As a web developer you know that creating engaging web UX means quickly delivering content that captures your visitor's attention.

The storage API, including localStorage, was designed to help web developers provide more app- like behaviour for the web than cookies previously allowed.

But it turns out you can also use localStorage to make your mobile website faster!

How much faster? Well, you can load some critical path resources such as a JavaScript that's required for your UX up to 3 - 5x faster using localStorage than from the browser's native cache. Using millions of data points from Real User Monitoring (RUM) I had the following surprising results.

Bar plot of trimmed means.
20% trimmed mean results of native browser cache vs localStorage performance. Mean performance for localStorage is always faster than the browser's native cache and for iOS 5 & 6, dramatically so.

What does this mean? It means you should absolutely be using localStorage for essential resources rather than depending on the browser's cache. This is a bold claim I'm happy to back with data, and I'm also very curious to hear from the community on your own test results. For more details on how I collected and analyzed my results, read on.
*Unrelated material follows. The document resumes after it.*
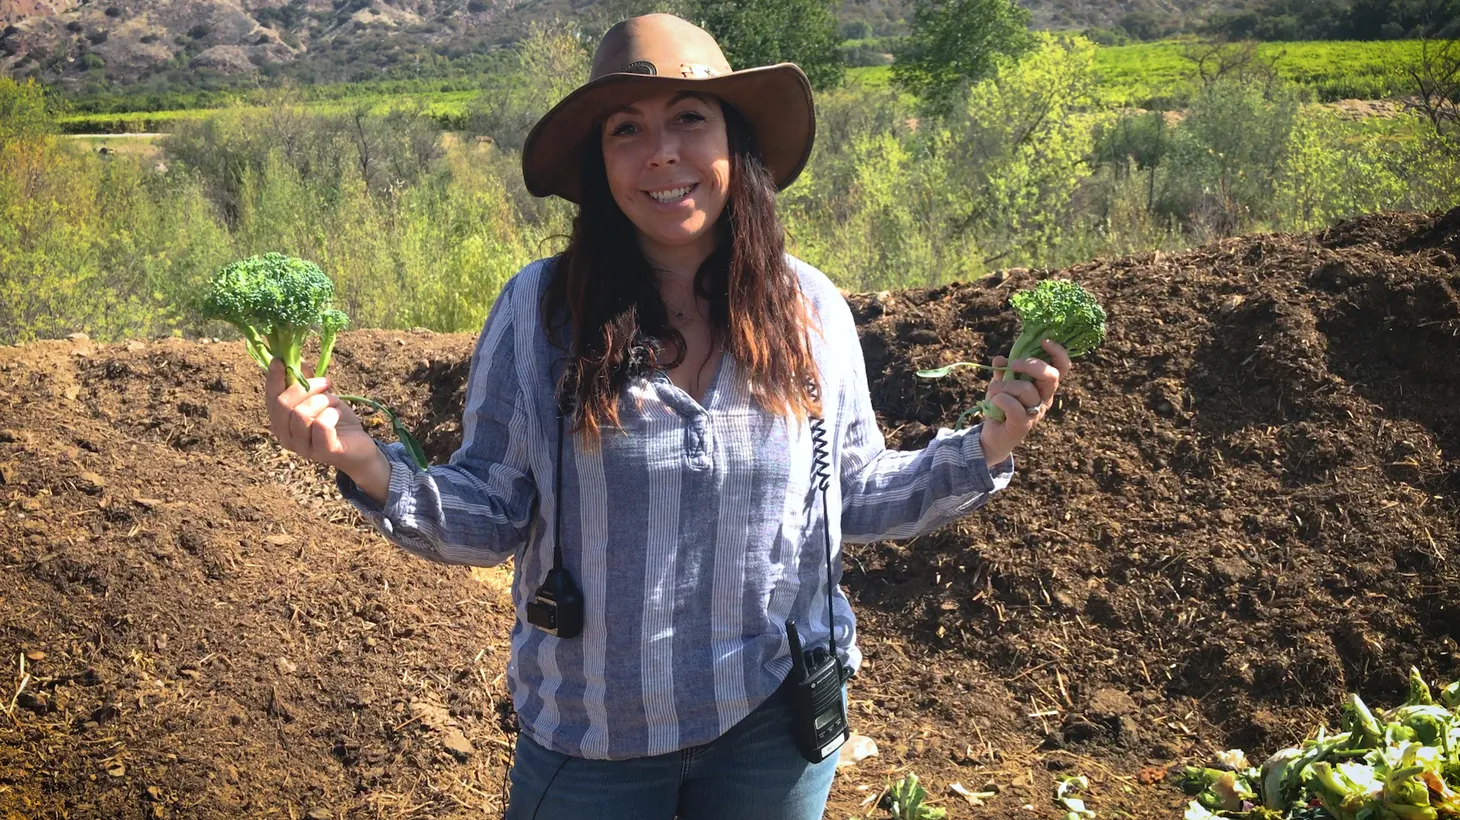 Mollie Englehardt started her farm four years ago to support her local vegan restaurant chain, Sage.

Background: the web community weighs in on localStorage

Web developers may have read some discussion in early 2012 when web storage APIs experienced a flurry of concern around performance.

The most concise summary of the developer community's performance concerns are expressed in Chris Heilmann's post on Mozilla Hacks. Chris's arguments hinge on four key criticisms of localStorage:

  • localStorage is synchronous (can block rendering)
  • localStorage performs file I/O (unbounded worst case performance)
  • Browsers load the data into memory on the first request (wastes user-agent RAM)
  • localStorage is persistent (if you never visit a site again, disk space is wasted)

These criticisms notwithstanding, localStorage remains attractive for mobile web developers for several reasons:

  • Browser native caches are shared between websites and are often small on mobile devices - as Guy Podjarny has determined, sometimes smaller than 5MB
  • Some browser caches are not persistent (contents lost when the app exits)
  • Native browser cache performance & behavior of mobile user-agents is highly variable
  • Latency on mobile is high - good caching is required for good performance
  • localStorage content eviction policy is directly under developer control, browser native cache is not

That localStorage is synchronous, performs file I/O, uses RAM & storage on user-agents is not in dispute. However, what is important is to find out what the performance is like in actual smartphone browsers executing scripts on real websites in the wild.

Experimental design

The experiment focused on the time taken to load a 25KB (uncompressed size) JavaScript payload. The content of the JavaScript payload was the Dust templating library with one small modification - after the library is loaded, a hook was executed to notify the RUM test that loading was complete so that time to load could be measured accurately. There were two experimental conditions, described below. Data collected included the user-agent, condition & the timing result.

Condition 1: browser native cache performance

The objective of condition 1 was to benchmark performance of the browser native cache on smartphones. In this condition, the JS payload is loaded twice, the first time to populate the browser cache and the second to measure timing for instantiating a script from browser cache. The payload is delivered with both a one month future EXPIRES and CACHE-CONTROL: max-age=2592000 headers set (if you're not familiar with cache control headers, or want a refresh, this is a great introduction). In this condition the content of the payload is set using the src= attribute of a script tag.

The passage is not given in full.